• _Problem description_: Below, some lines carry pictures; leave those pictures out and retype exactly the lines from the one with "Vue aérienne de" through the one with "Banyak pemilik bisnis".

• _Source data_:

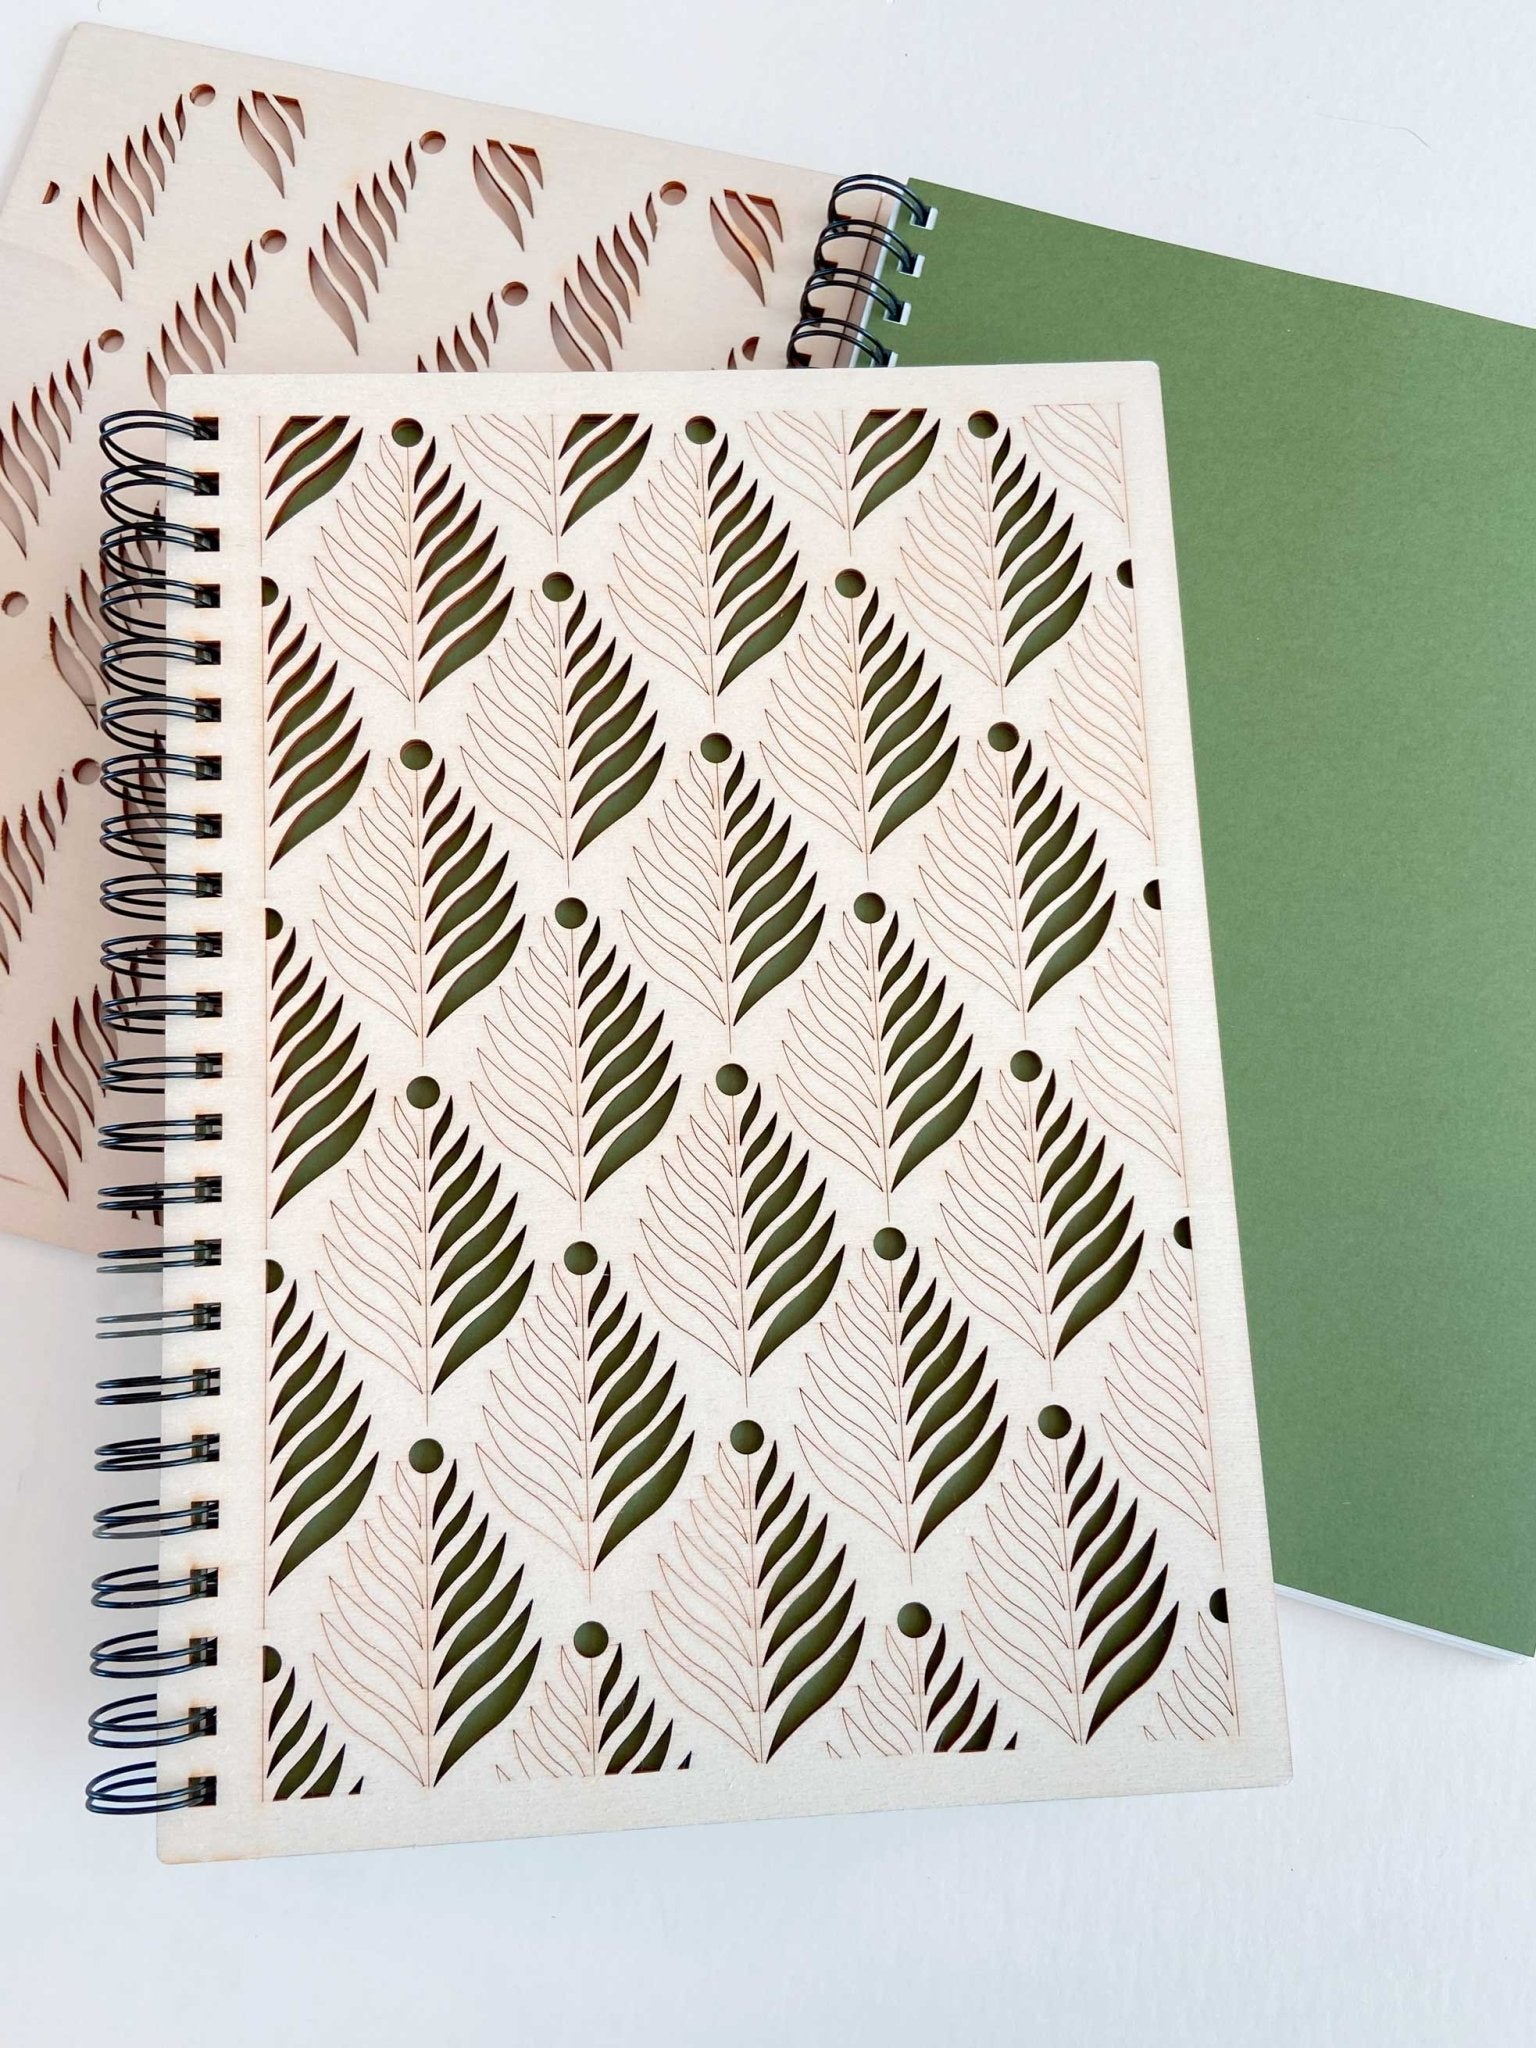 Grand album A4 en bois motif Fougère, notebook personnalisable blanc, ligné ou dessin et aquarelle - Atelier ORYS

---

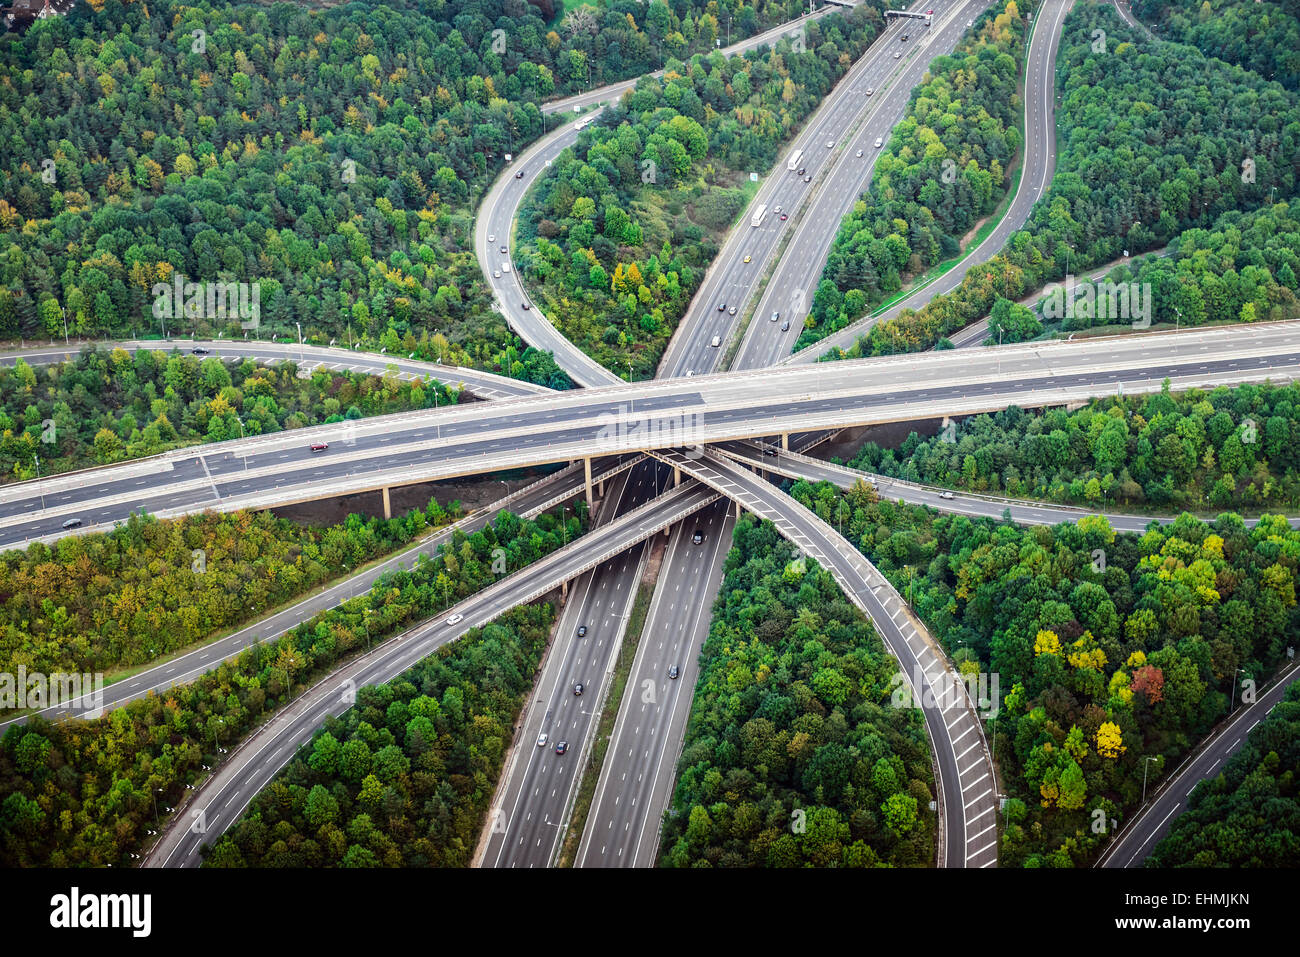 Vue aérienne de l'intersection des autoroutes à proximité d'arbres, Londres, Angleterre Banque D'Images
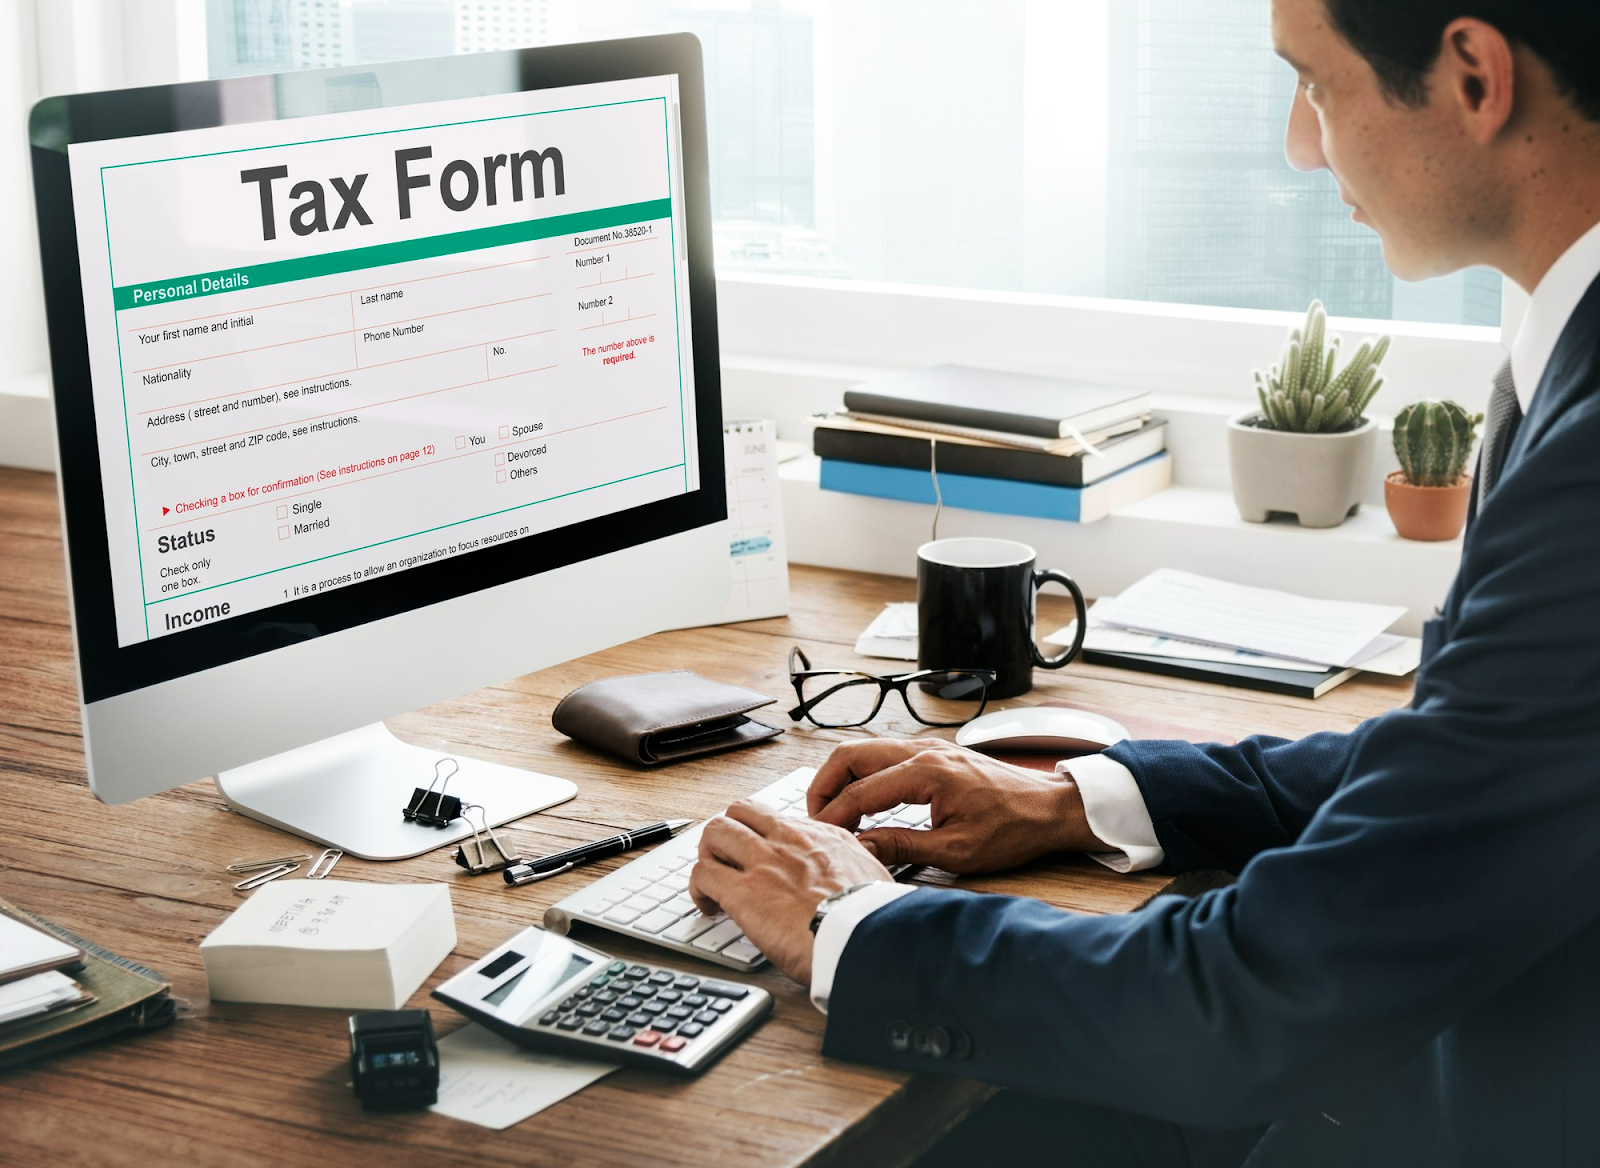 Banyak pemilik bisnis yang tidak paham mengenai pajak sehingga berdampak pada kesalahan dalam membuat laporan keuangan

---

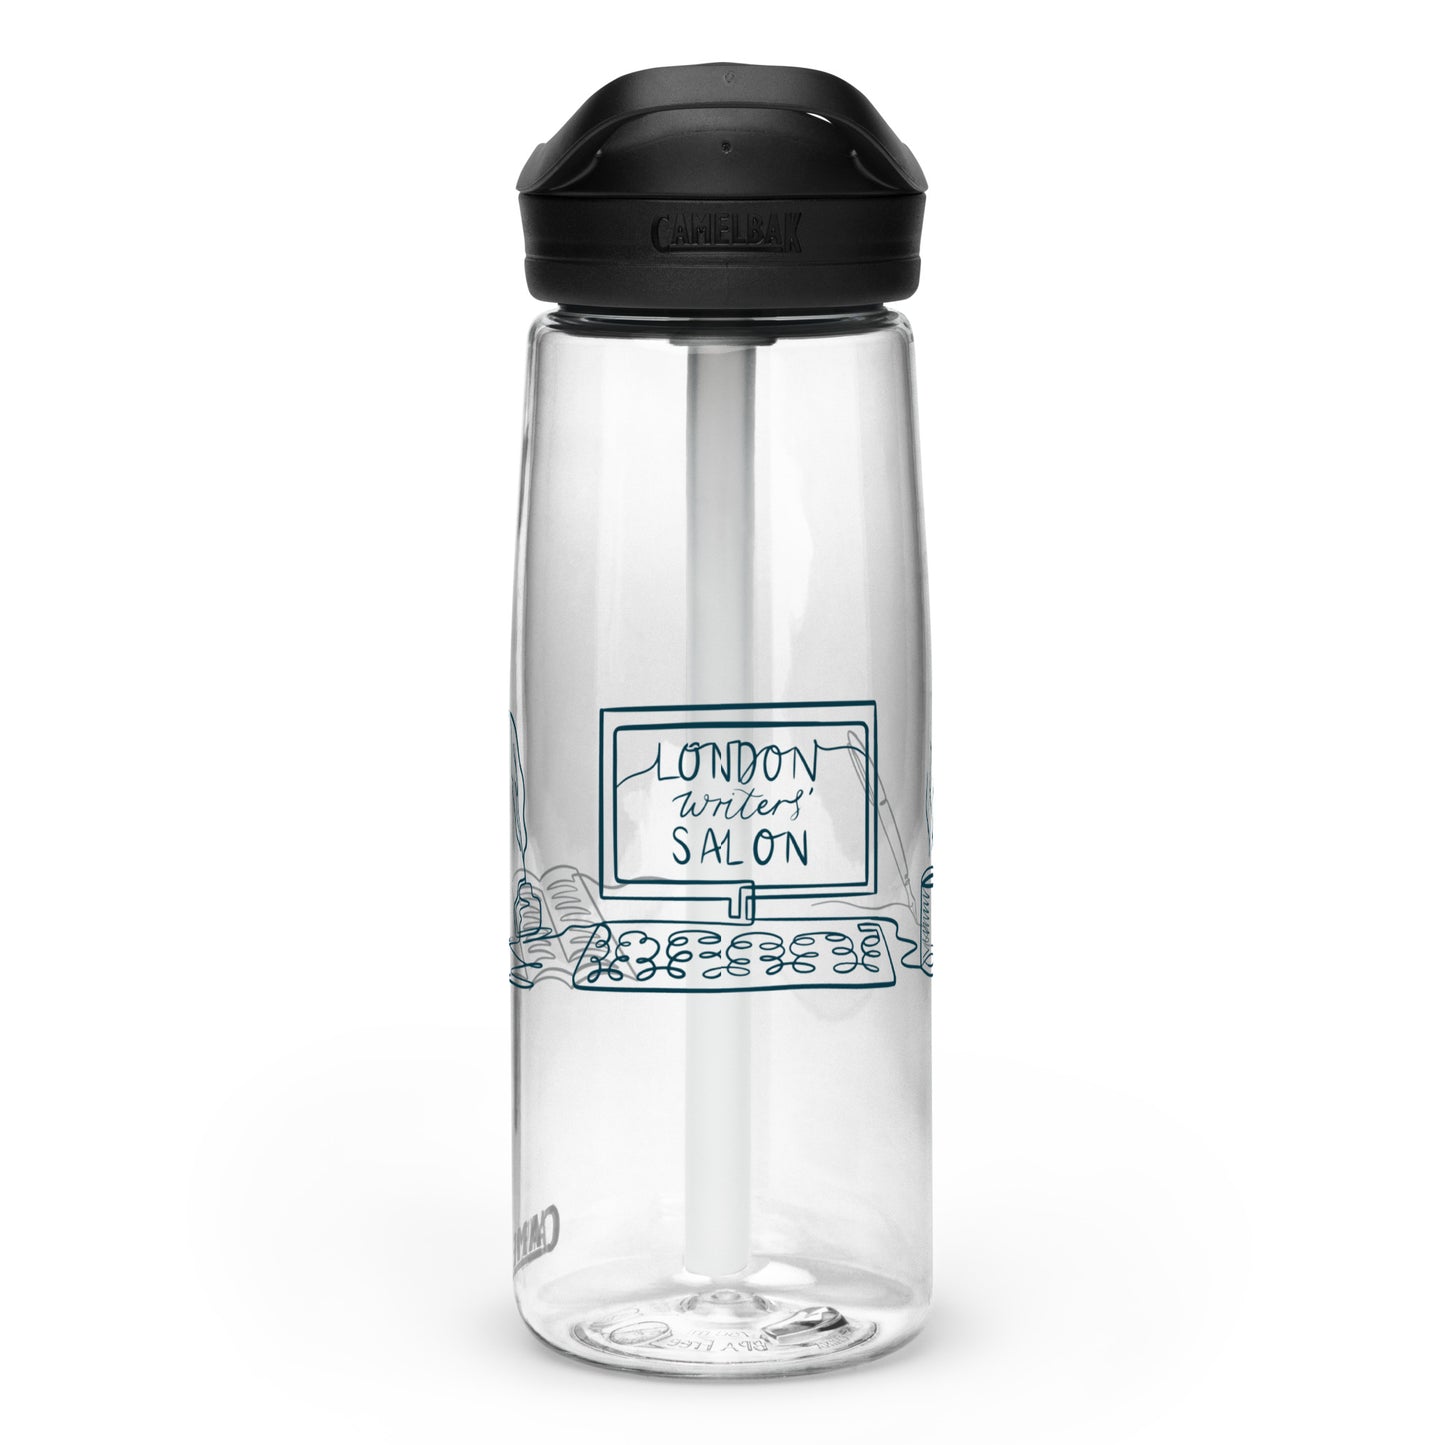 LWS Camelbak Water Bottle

• _Reply_:
 Vue aérienne de l'intersection des autoroutes à proximité d'arbres, Londres, Angleterre Banque D'Images
 Banyak pemilik bisnis yang tidak paham mengenai pajak sehingga berdampak pada kesalahan dalam membuat laporan keuangan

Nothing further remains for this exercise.